> [MATERIAL PROVIDED]
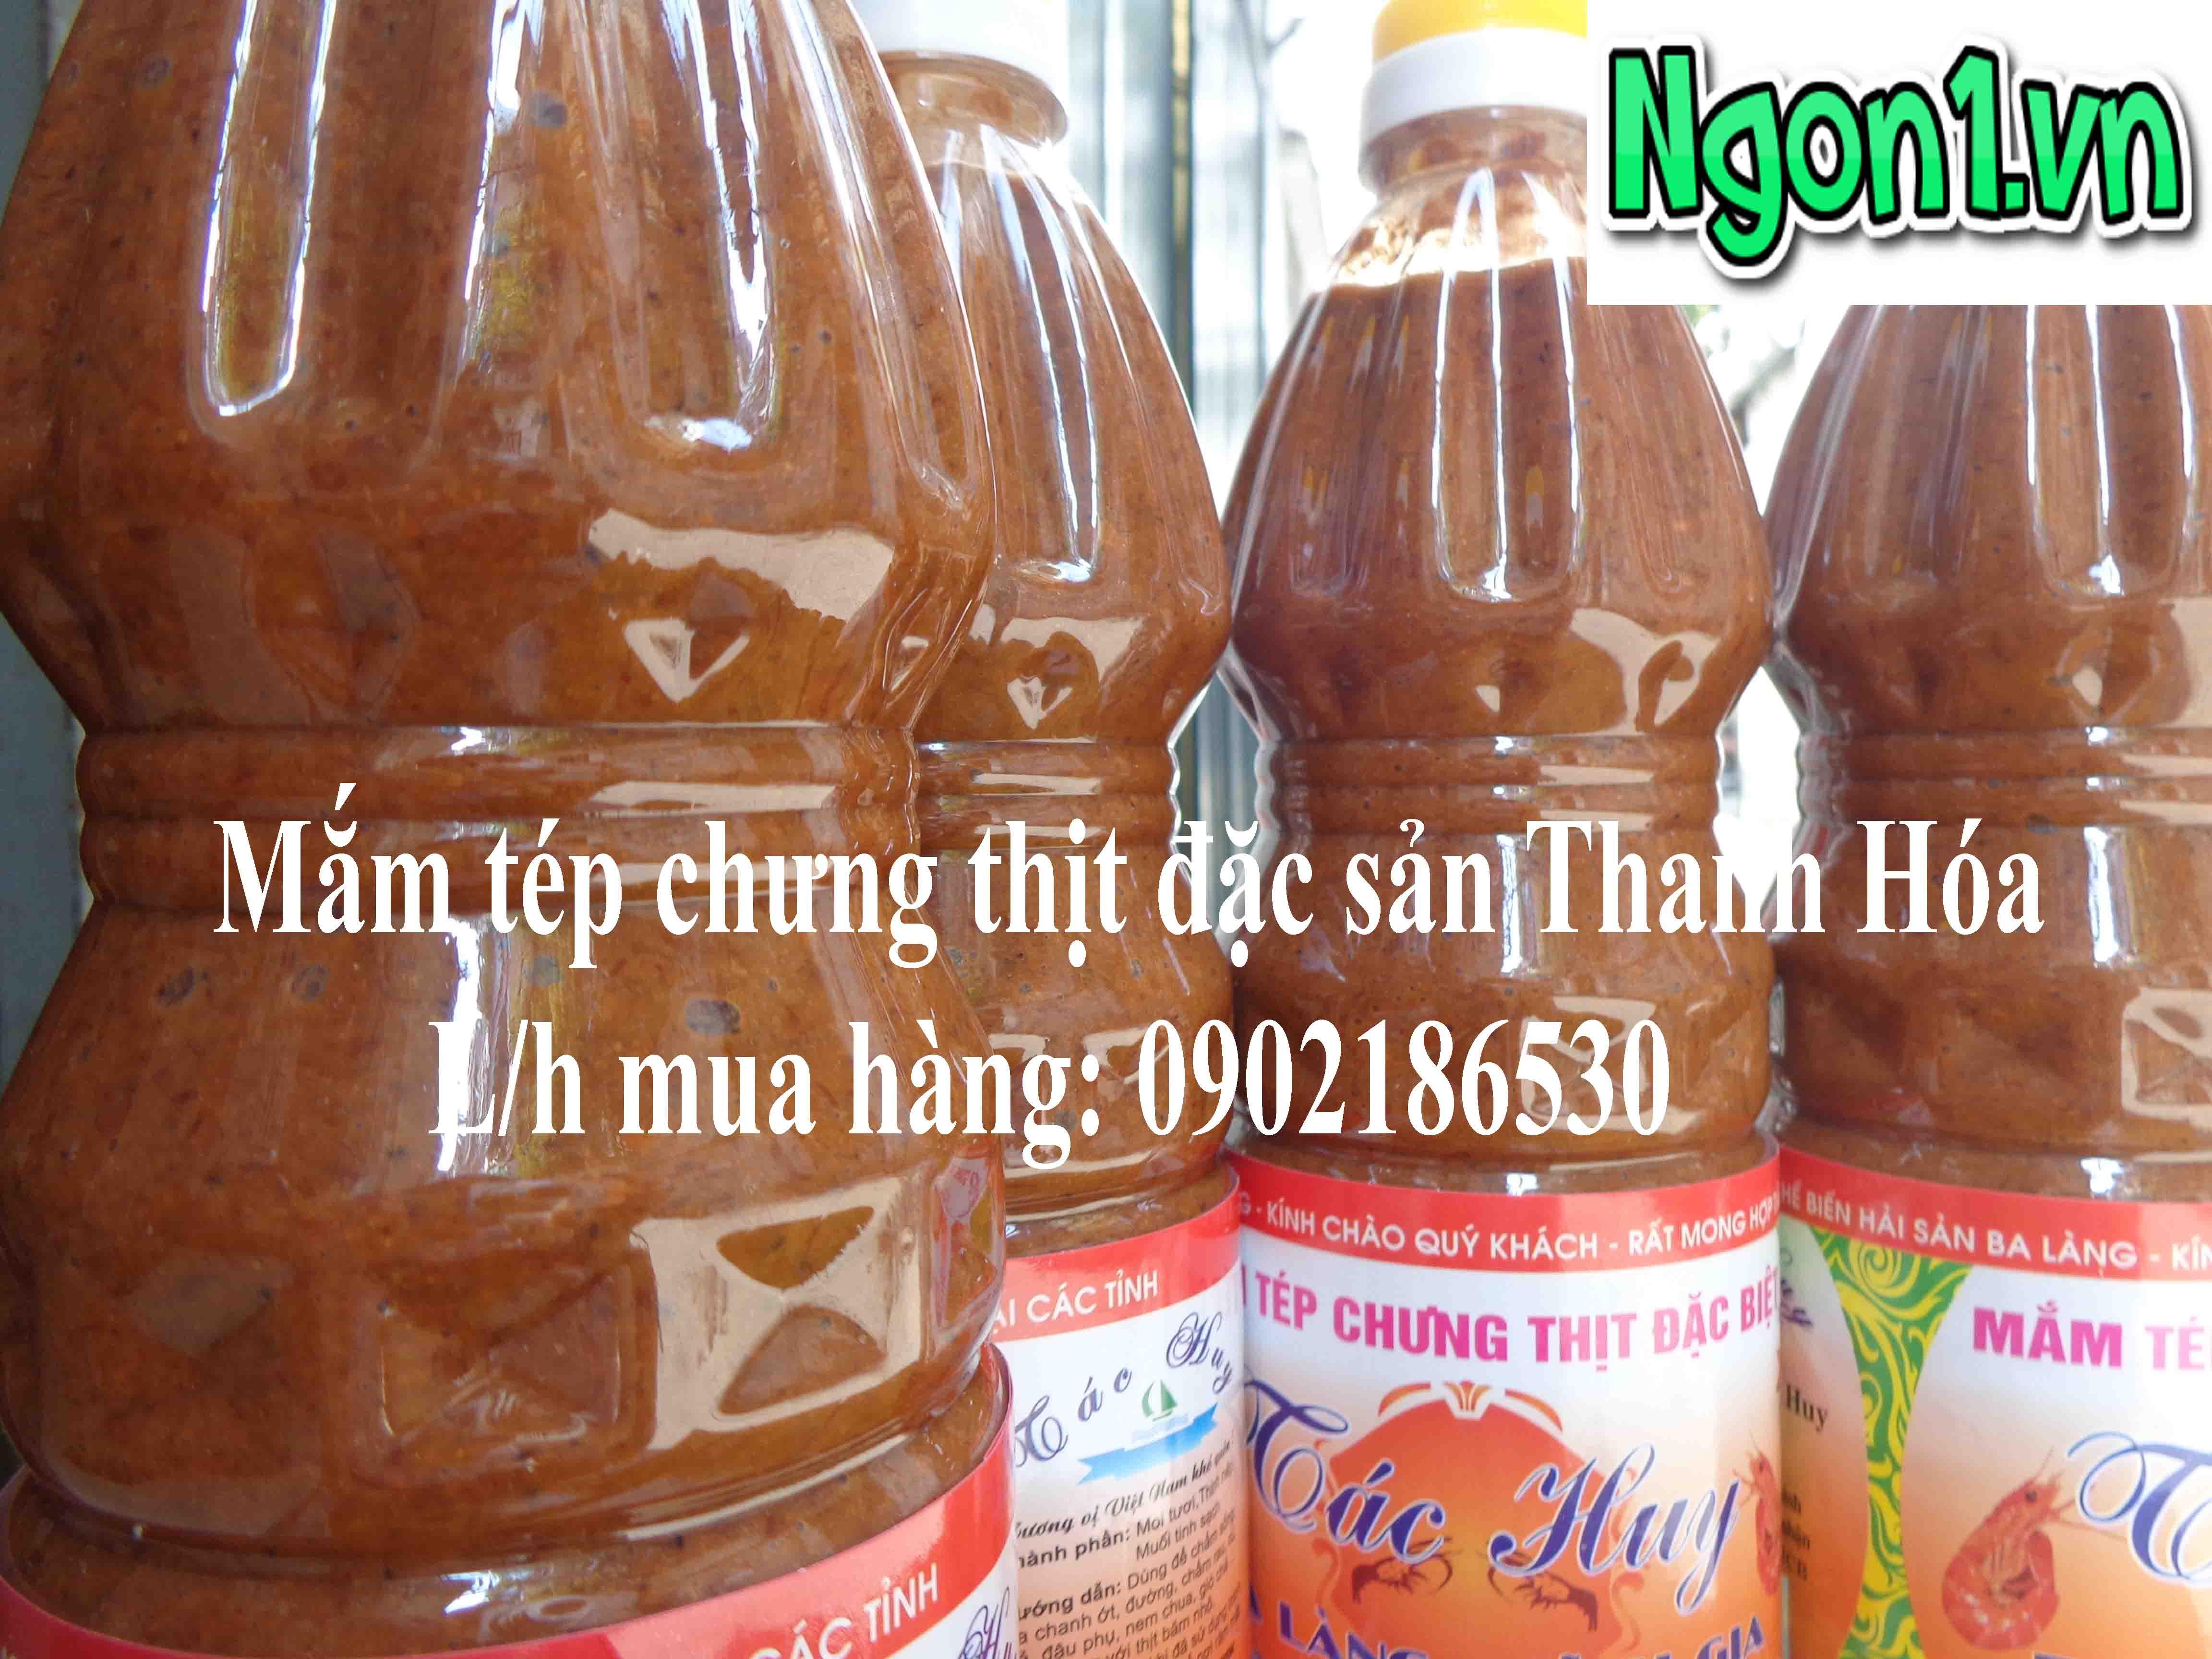 Mắm tép chưng thịt đặc sản Ba làng (chai 1l) - Hotline: 0902186530
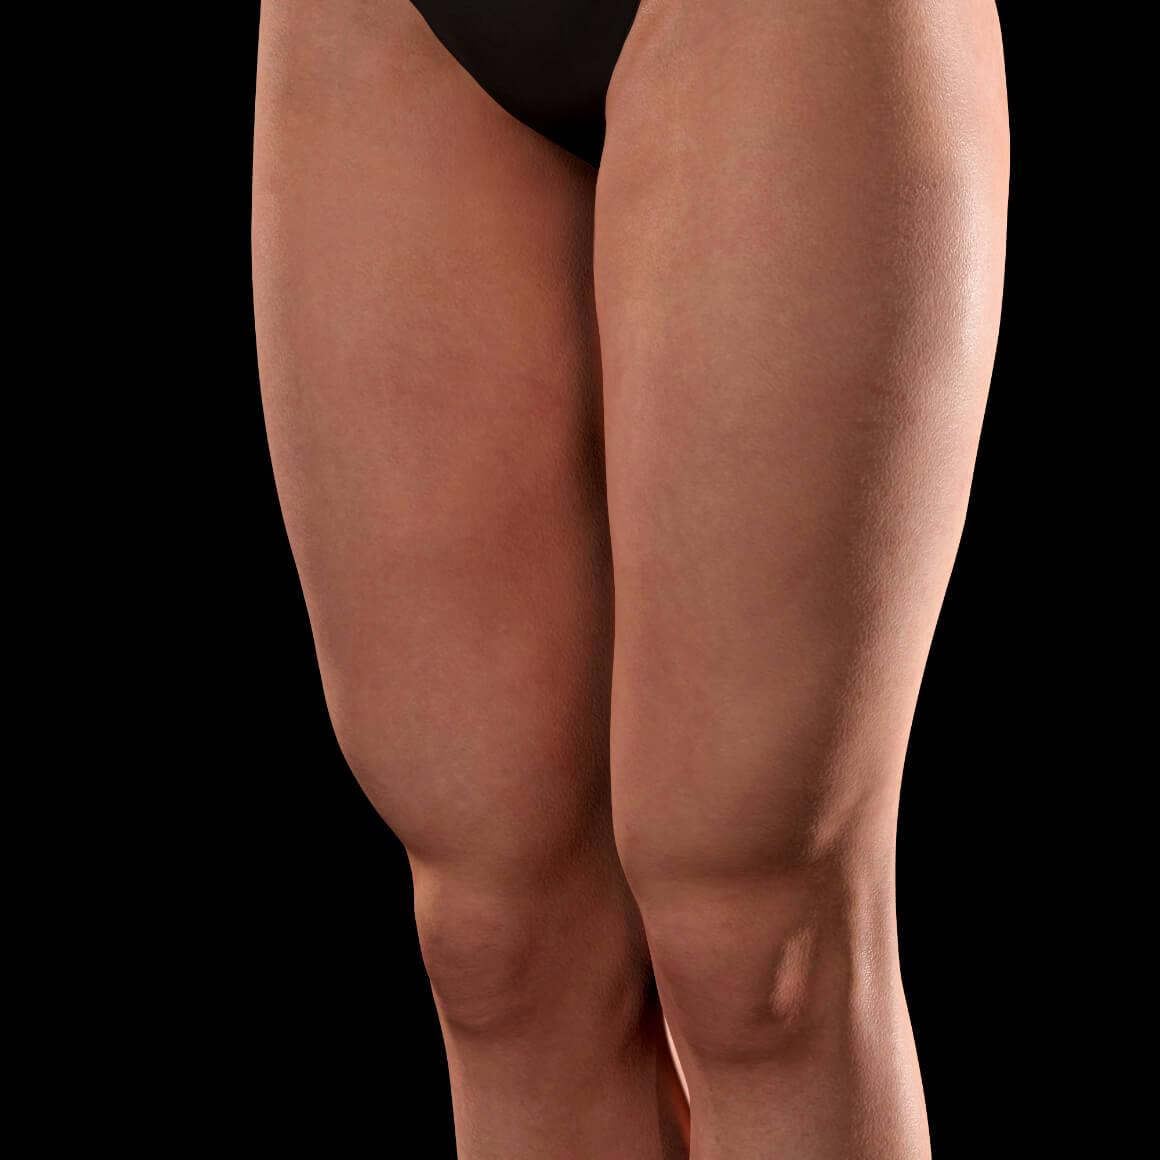 Cuisses d'une patiente de la Clinique Chloé positionnée en angle après des traitements de Venus Viva contre les vergetures
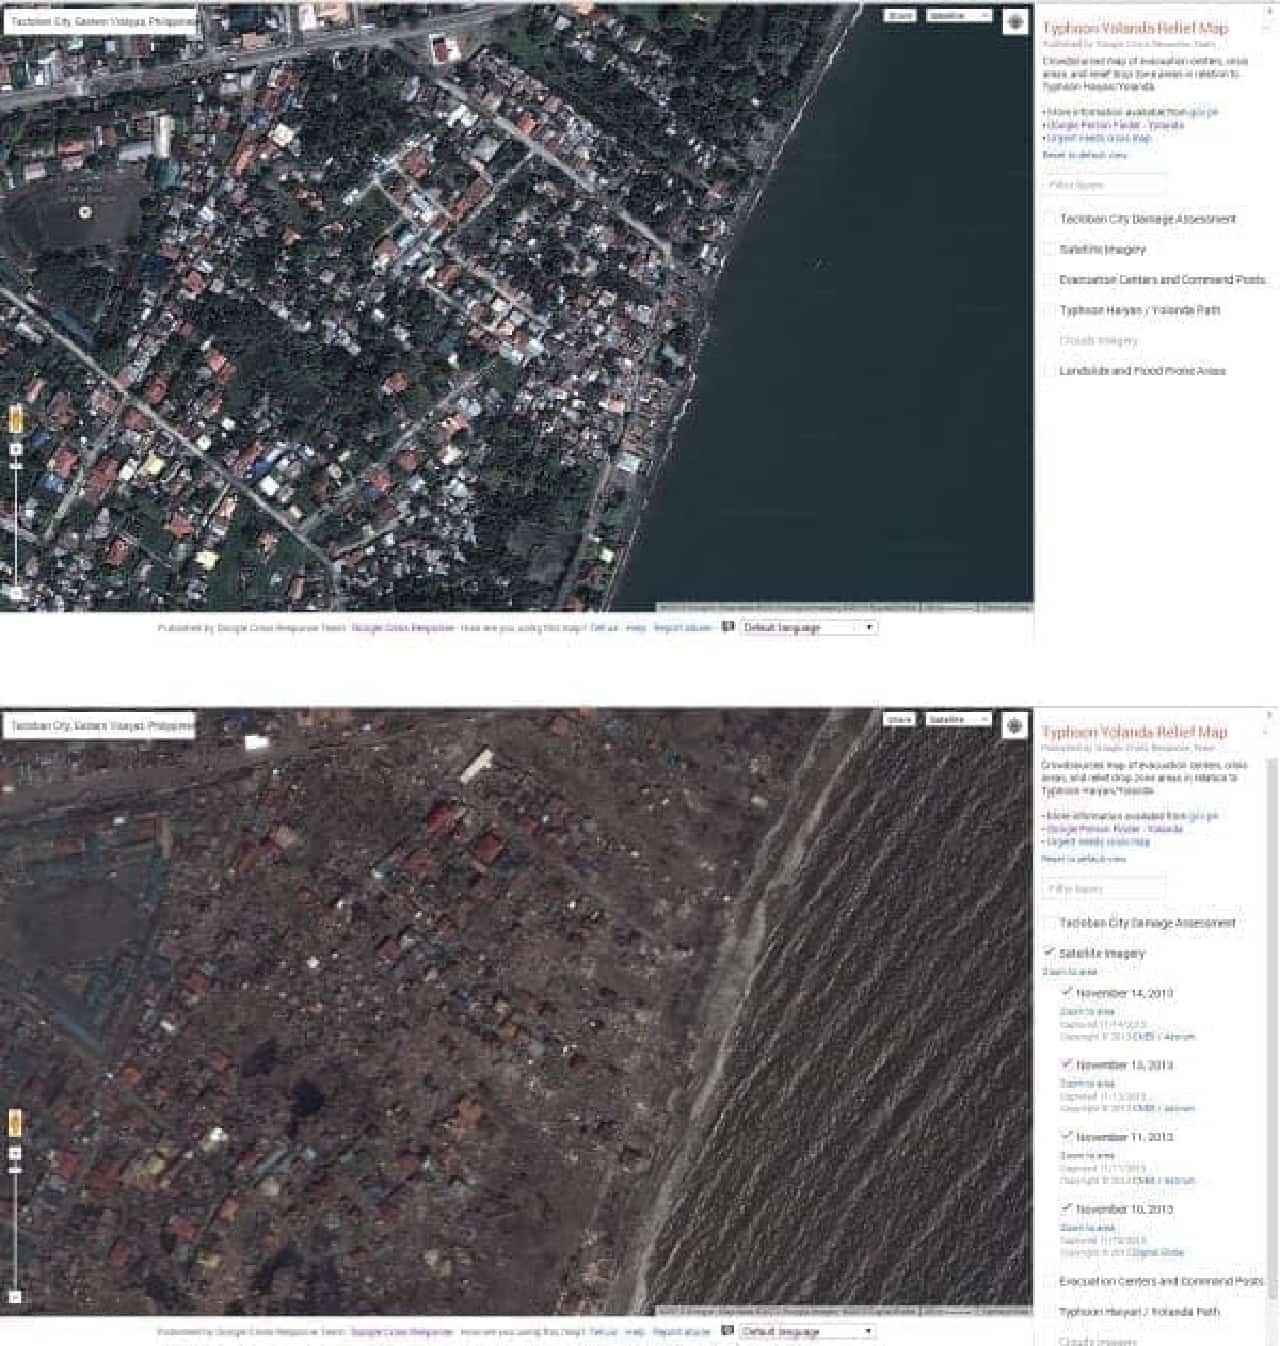 フィリピン・レイテ島タクロバン市周辺の衛星写真  上:被災前(2006年9月撮影)  下:被災後(2013年11月13日撮影)  (出典:Google)
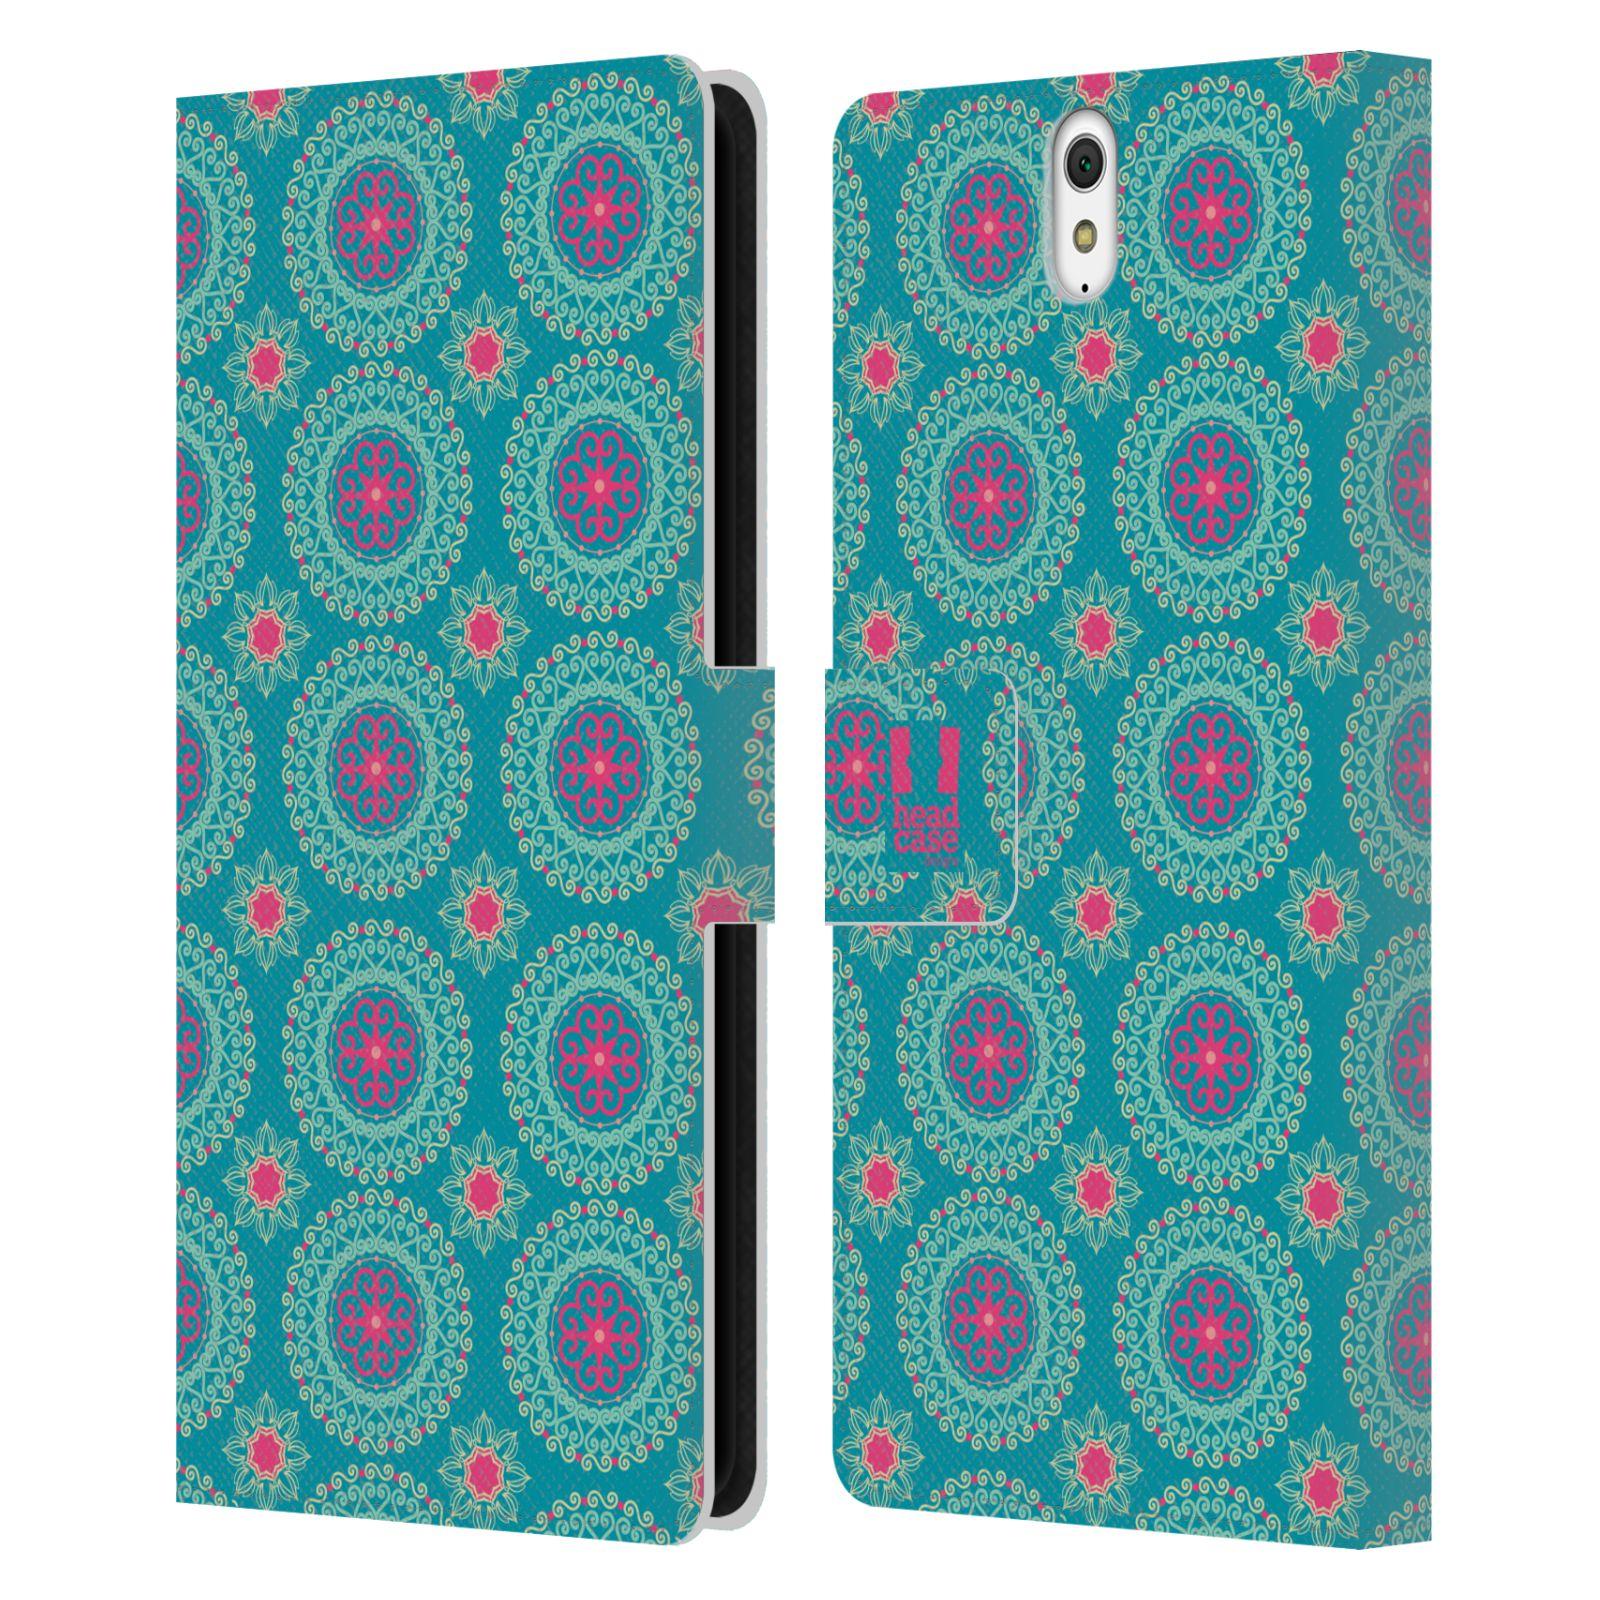 HEAD CASE Flipové pouzdro pro mobil SONY XPERIA C5 Ultra Slovanský vzor modrá/tyrkysová barva kaleidoskop

> [WHAT YOU NEED TO DO] Any images must be dropped; all other material is to be printed exactly.

> [TASK SOLUTION]
 Mắm tép chưng thịt đặc sản Ba làng (chai 1l) - Hotline: 0902186530
 Cuisses d'une patiente de la Clinique Chloé positionnée en angle après des traitements de Venus Viva contre les vergetures
 フィリピン・レイテ島タクロバン市周辺の衛星写真  上:被災前(2006年9月撮影)  下:被災後(2013年11月13日撮影)  (出典:Google)
 HEAD CASE Flipové pouzdro pro mobil SONY XPERIA C5 Ultra Slovanský vzor modrá/tyrkysová barva kaleidoskop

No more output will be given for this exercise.